Betrieb soll Teil des Geldes selbst erwirtschaften
Demming erläuterte weiter, dass ein sozialer Arbeitsmarkt, der zu 100 Prozent von der öffentlichen Hand finanziert werde, schon deshalb sehr schwierig sei, weil er strikte Gemeinnützigkeit und Wettbewerbsneutralität bewahren müsse. Der bessere Ansatz für ihn sei es, wenn mit den Transferleistungen die Hemmnisse bei den Beschäftigten ausgeglichen werden, aber ein Teil des Geldes – zum Beispiel 25 Prozent – auch selbst erwirtschaftet wird. So entstehe Wettbewerbsneutralität. Demming sprach sich für Soziale Betriebe aus, die im Wettbewerb stehen und in denen sich auch die freie Wirtschaft engagieren könne. Betriebe, die nachgefragte Tätigkeiten übernehmen und nicht auf einem künstlichen Arbeitsmarkt agieren. Und er sprach sich für klare Spielregeln aus, um Mitnahmeeffekte zu verhindern. Dazu gehörten eine klare Definition der Zielgruppe, aber auch die Einhaltung von Mindestlohn und Tarifverträgen.
Ein Delta von 177 Euro im Monat
Demming zeigte sich überzeugt: „Der Soziale Arbeitsmarkt ist finanzierbar.“ Er stellte den Politikern eine Modellrechnung vor – auf der einen Seite die Hartz IV-Regelleistung plus Kosten der Unterkunft, Heizung, Kranken- und Pflegeversicherung sowie Verwaltungskosten im Jobcenter, auf der anderen Seite eine Beschäftigung zum Mindestlohn, wobei die Person 1050 Euro monatlich zur Verfügung hat und fast 400 Euro an Steuern, Renten- und Arbeitslosenversicherung ins System zurückfließen.
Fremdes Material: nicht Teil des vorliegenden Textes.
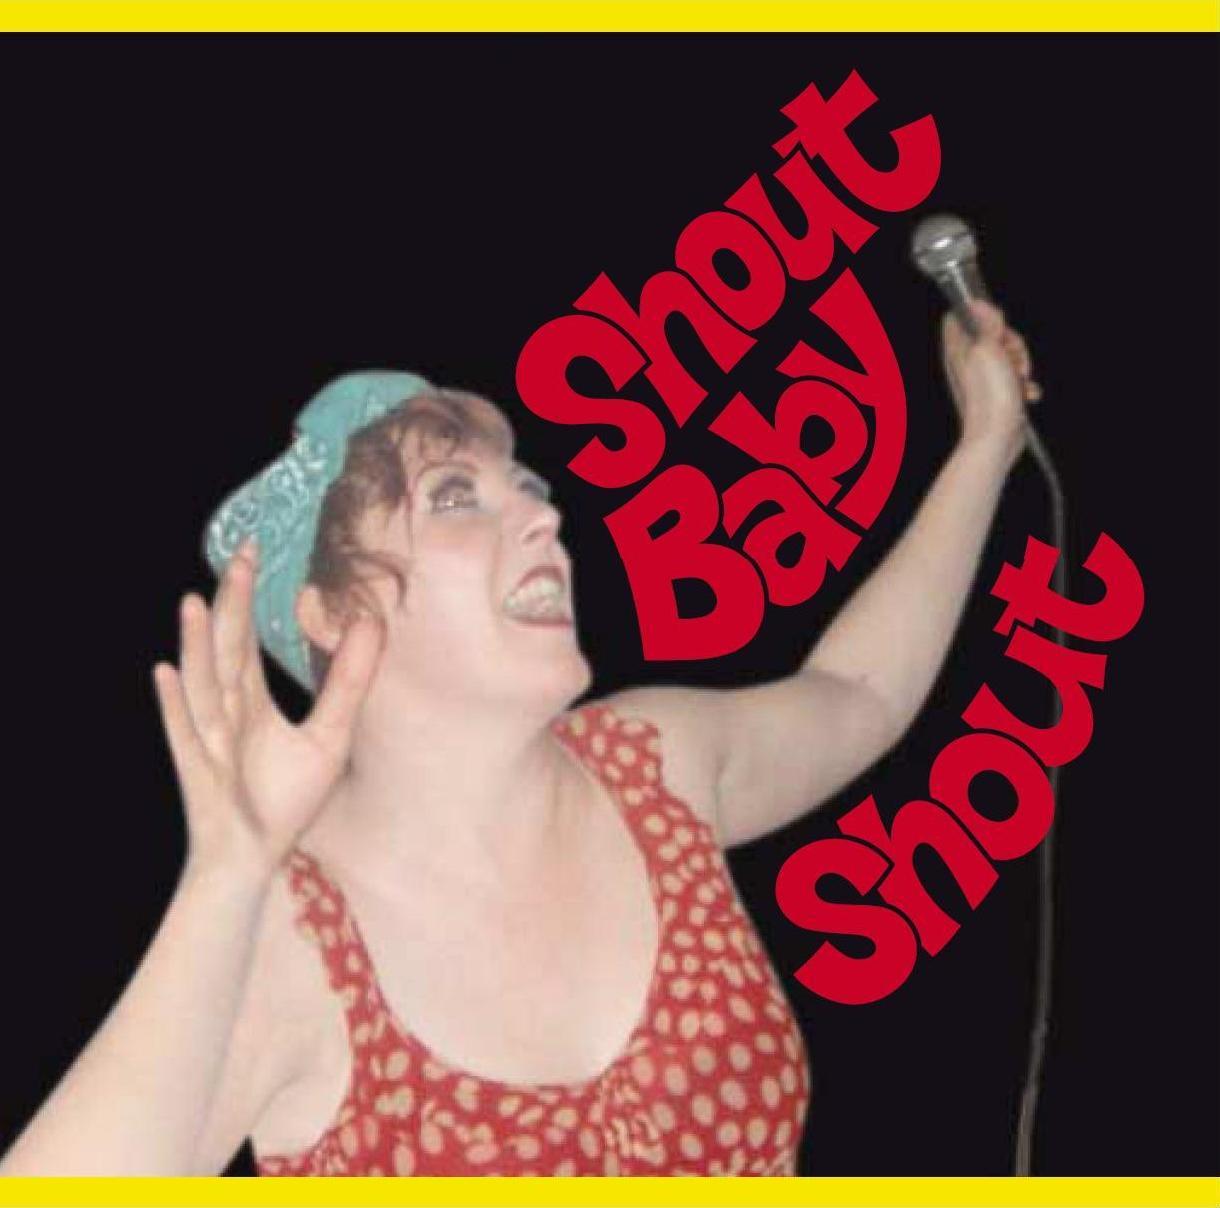 babyshout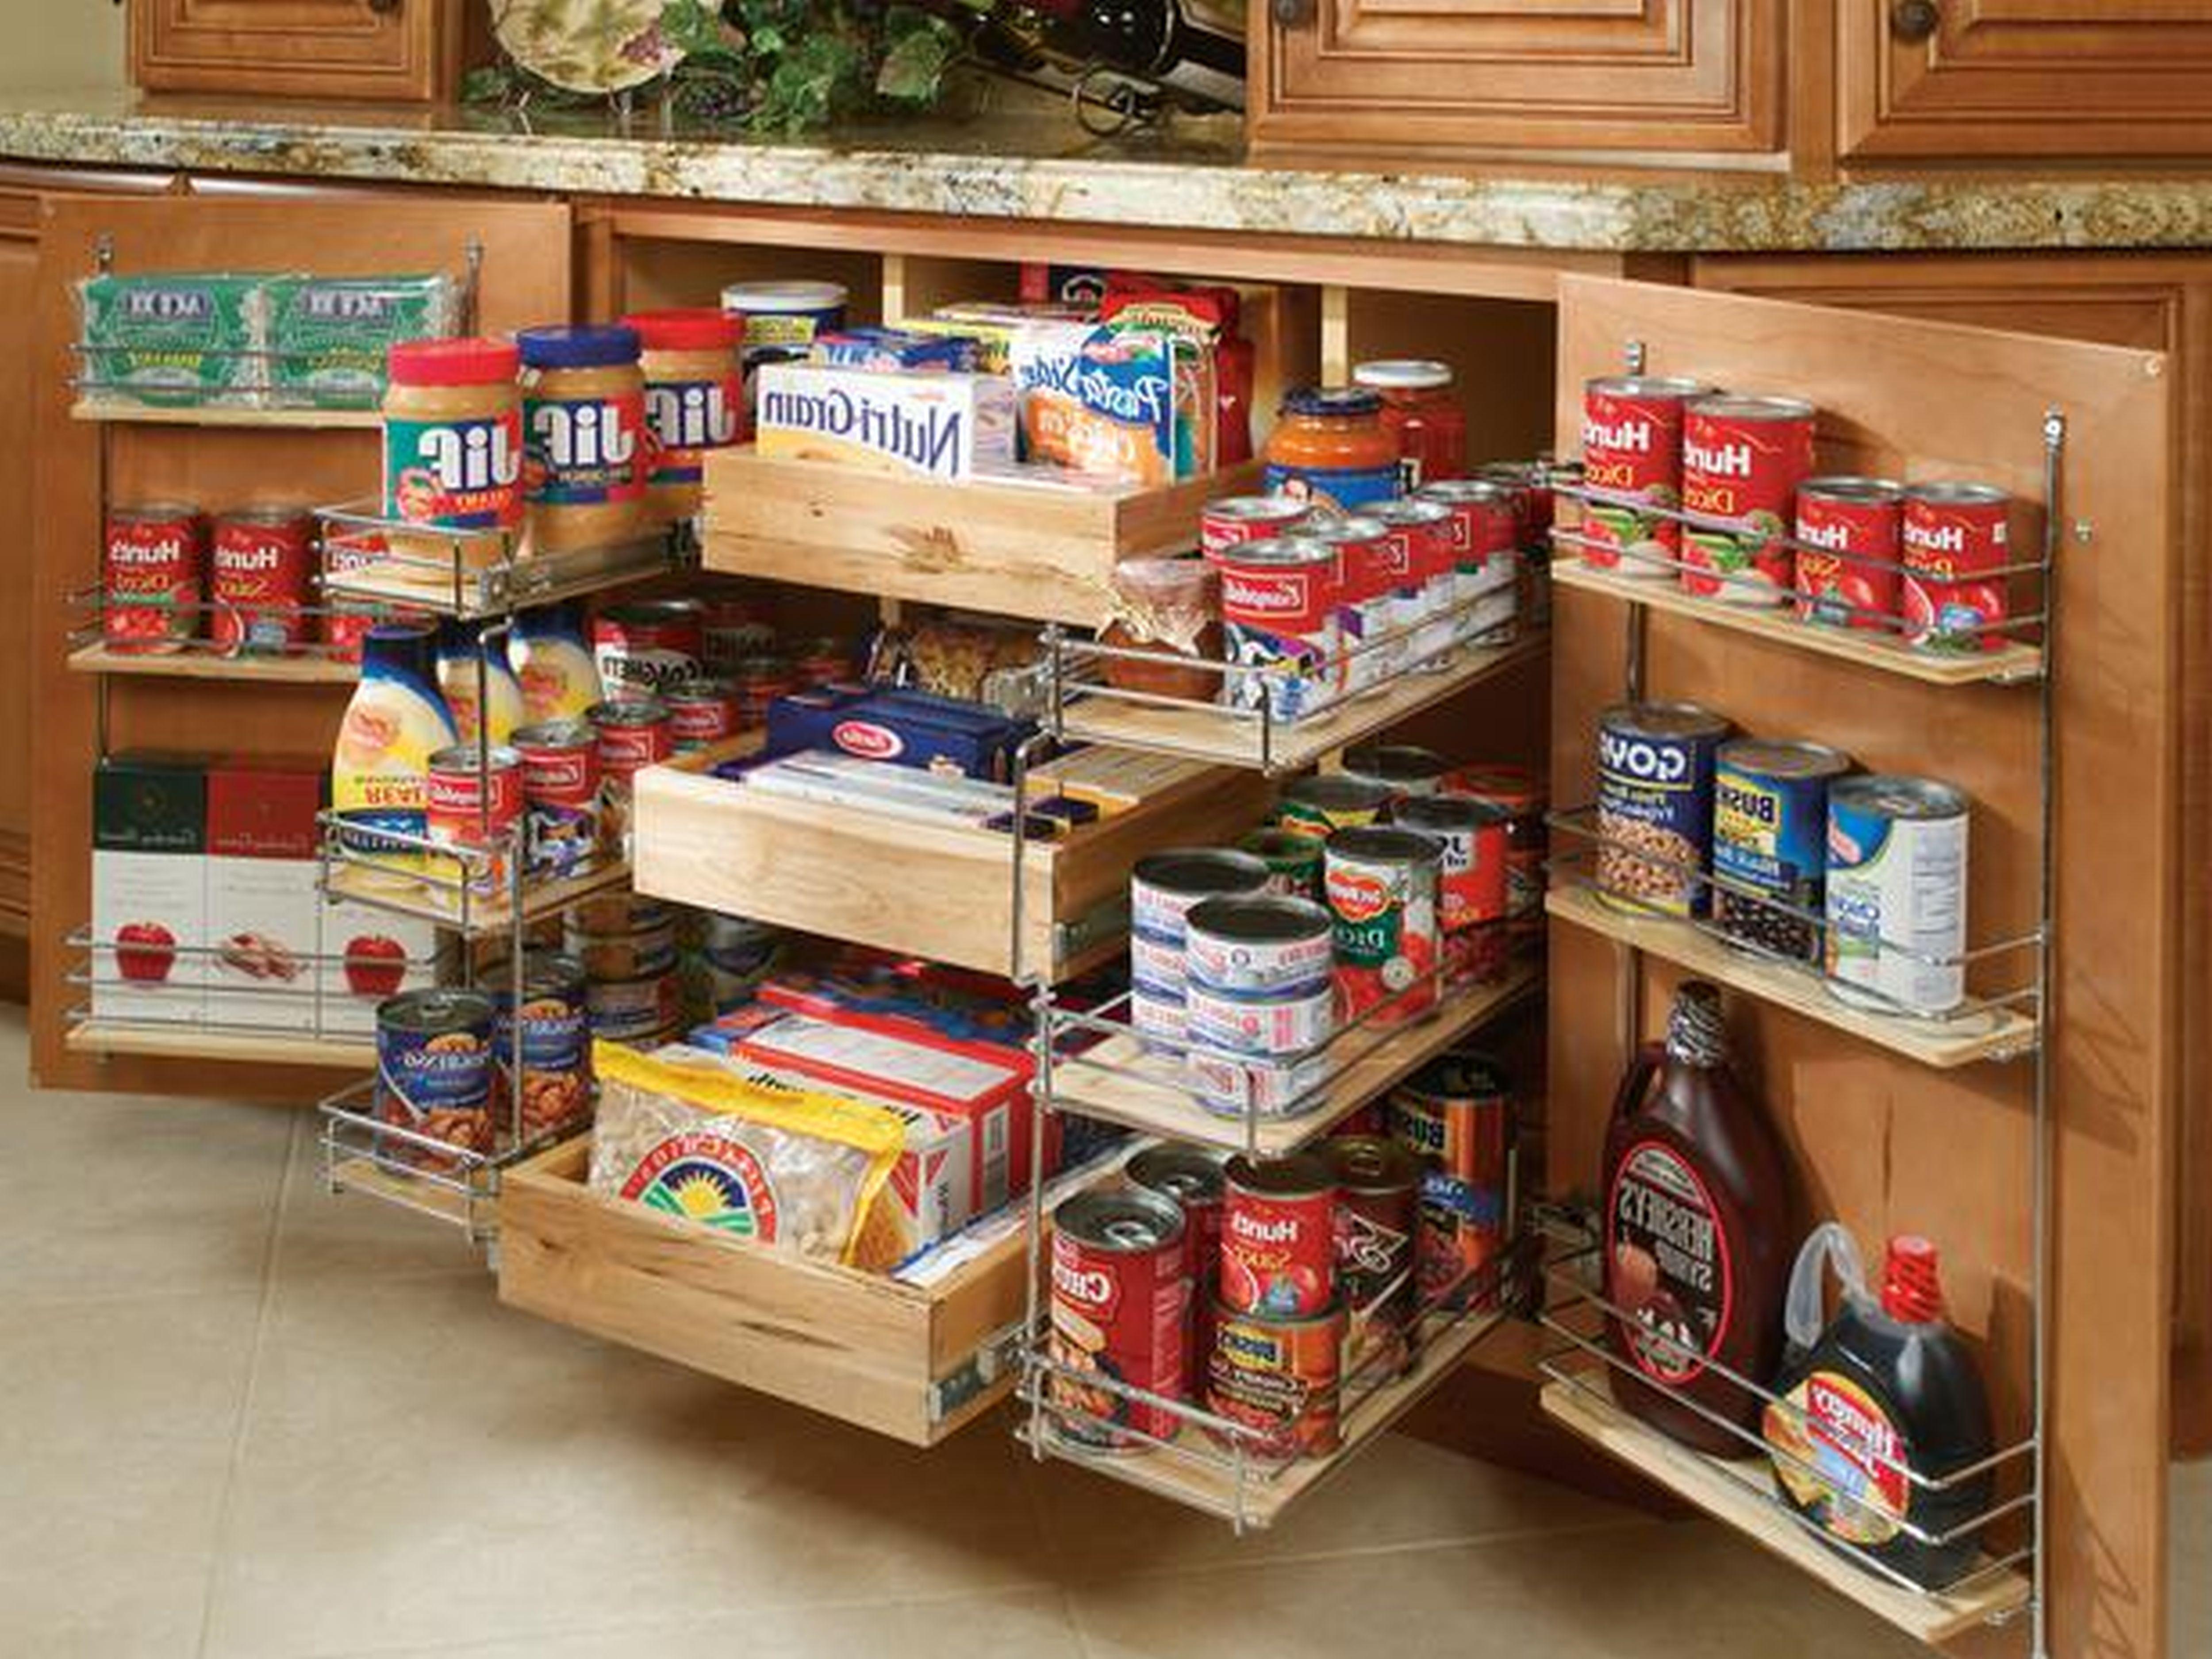 Cabin storage organizers ideas kitchen storage ideas decorations cabin storage organizers ideas kitchen storage ideas decorations kitchen charming wooden feat workwithnaturefo

Unterm Strich, so Demming, bleibe da ein Delta von 177 Euro im Monat, das im Sozialen Betrieb erwirtschaftet werden müsse.
Paradigmenwechsel muss politisch gewollt sein
„Das ist ein Paradigmenwechsel, der politisch gewollt sein muss,“ erklärte Demming abschließend. Helmut Melchert, zuständiger Fachbereichsleiter im Arnsberger Rathaus, signalisierte, gerne mitziehen zu wollen. Denn das Problem sei riesengroß und nicht in den Griff zu kriegen, vielmehr sei mit steigenden Zahlen zu rechnen. Als erstes muss der Hochsauerlandkreis überzeugt werden, denn die Stadt Arnsberg betreibt das Jobcenter nur in dessen Auftrag. Frank Demming sieht hier gute Chancen, vor allem für ein Gemeinschaftsprojekt von Arnsberg und Sundern, weil in Arnsberg und Sundern ein erkennbarer Schwerpunkt des Problems liege. In den beiden Städten im Westkreis lebten 59 Prozent der Leistungsempfänger, aber nur 39 Prozent der Gesamtbevölkerung des HSK. Überzeugt werden müssen aber auch Land und Bund, weil von ihnen Geld kommt. Auch hier sieht Demming Chancen. Im Saarland und in Baden-Württemberg gebe es bereits seit Jahren Modellprojekte und auch im Osten der Republik seien derzeit Kommunen auf diesem Weg. „Und wenn es auch nur ein auf Dauer angelegtes Modellprojekt wäre, wäre uns hier schon geholfen,“ so Demming.
Holzenergiehof im Januar Thema
Angesprochen auf konkrete Umsetzungsmöglichkeiten vor Ort in Arnsberg, nannte Demming den Holzenergiehof, ein Projekt, das sein Caritas-Verband gemeinsam mit den Stadtwerken Arnsberg plant. „Den aktuellen Stand dieses Projekts werden die Stadtwerke in der Januarsitzung des Ausschusses vorstellen“, kündigte der Ausschussvorsitzende Hans Wulf (Grüne) an. „Ein spannender Vortrag und ein gutes Votum,“ bilanzierte Wulf abschließend, nachdem der Ausschuss einstimmig sein klares politisches Signal gesetzt hatte.